I have not had a single X11-related issue in the last decade.
I don't want to sound rude, but how old is your setup? Are you using a desktop or a laptop computer?
Because I'm daily driving a late 2015 Dell XPS 9350 and X11 just ain't cutting it, even though the laptop is nearly a decade old. On X11, its trackpad would be garbage, GNOME's animations would be stuttery, and fractional scaling would be a mess, because I have a docking station with a 75 Hz ultrawide monitor, meaning that I must utilise both 125% and 100% scaling factors, as well as 60 Hz and 75 Hz refresh rates and different resolutions. Sure, not everyone uses multi monitor setups, but those who do serious office tasks or content production work often cannot imagine their workflow without multiple monitors. Point is, X11 is to ancient to handle such tasks smoothly, reliably and efficiently.
It's not rude - don't worry. My main desktop runs 4 monitors at 1080p. GPU is an RX 580. I have a number of other laptops/tablets/desktops running similar configs, including ones with mixed resolutions and refresh rates. Gaming/video production/programming.

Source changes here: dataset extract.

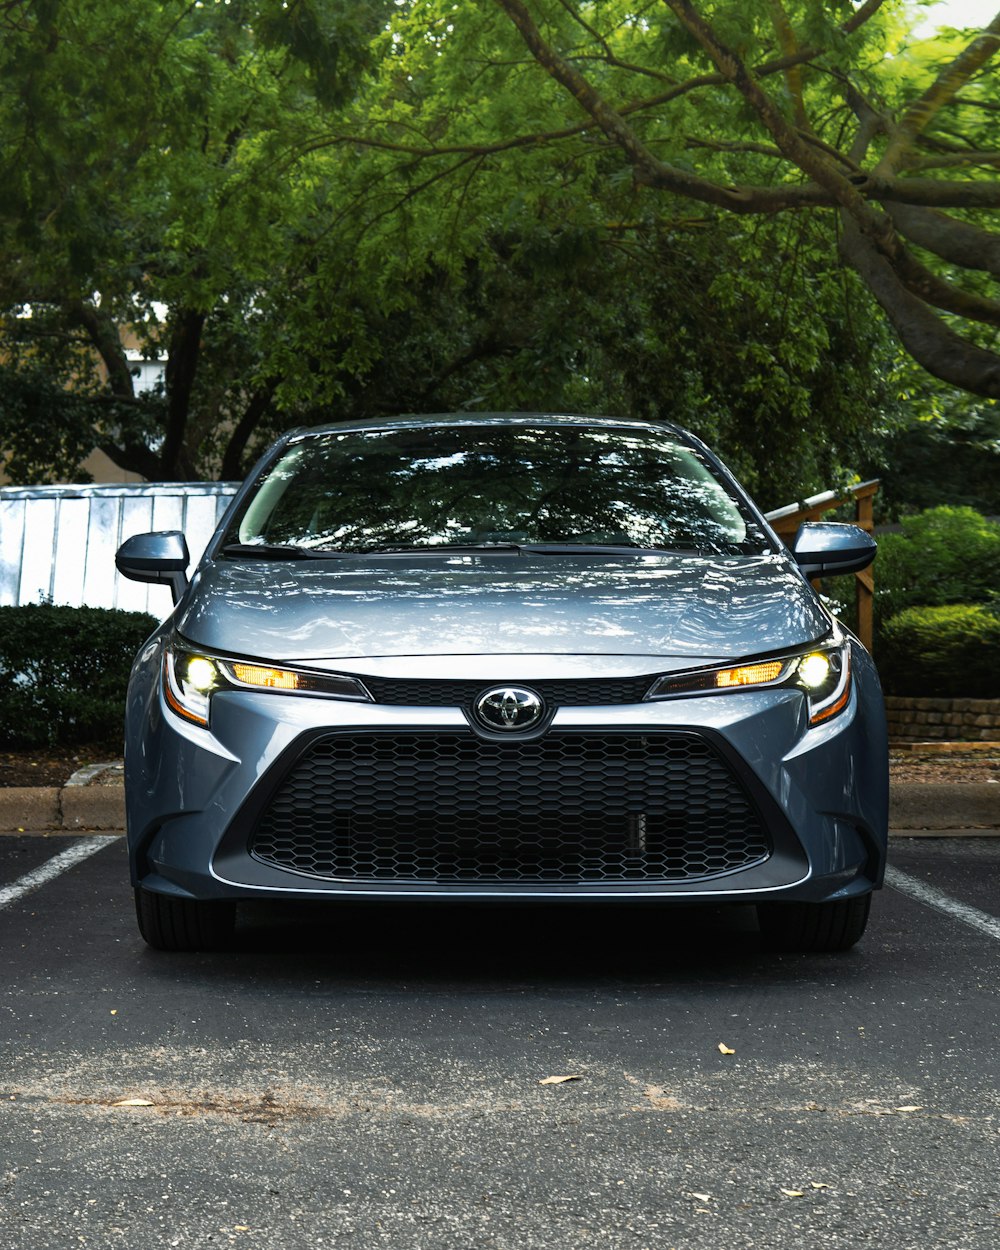 Toyota Corolla with a car wrap

I think people are really discounting the amount of value experience with a certain set of software has to the end-user. Wayland isn't a drop-in replacement. There's a new suite of software and tooling around it that has to be learned, and this is by design. Understandably, many people focus on getting displays working properly on mixed resolutions and refresh rates, but there are concerns for usability/accessibility outside of that.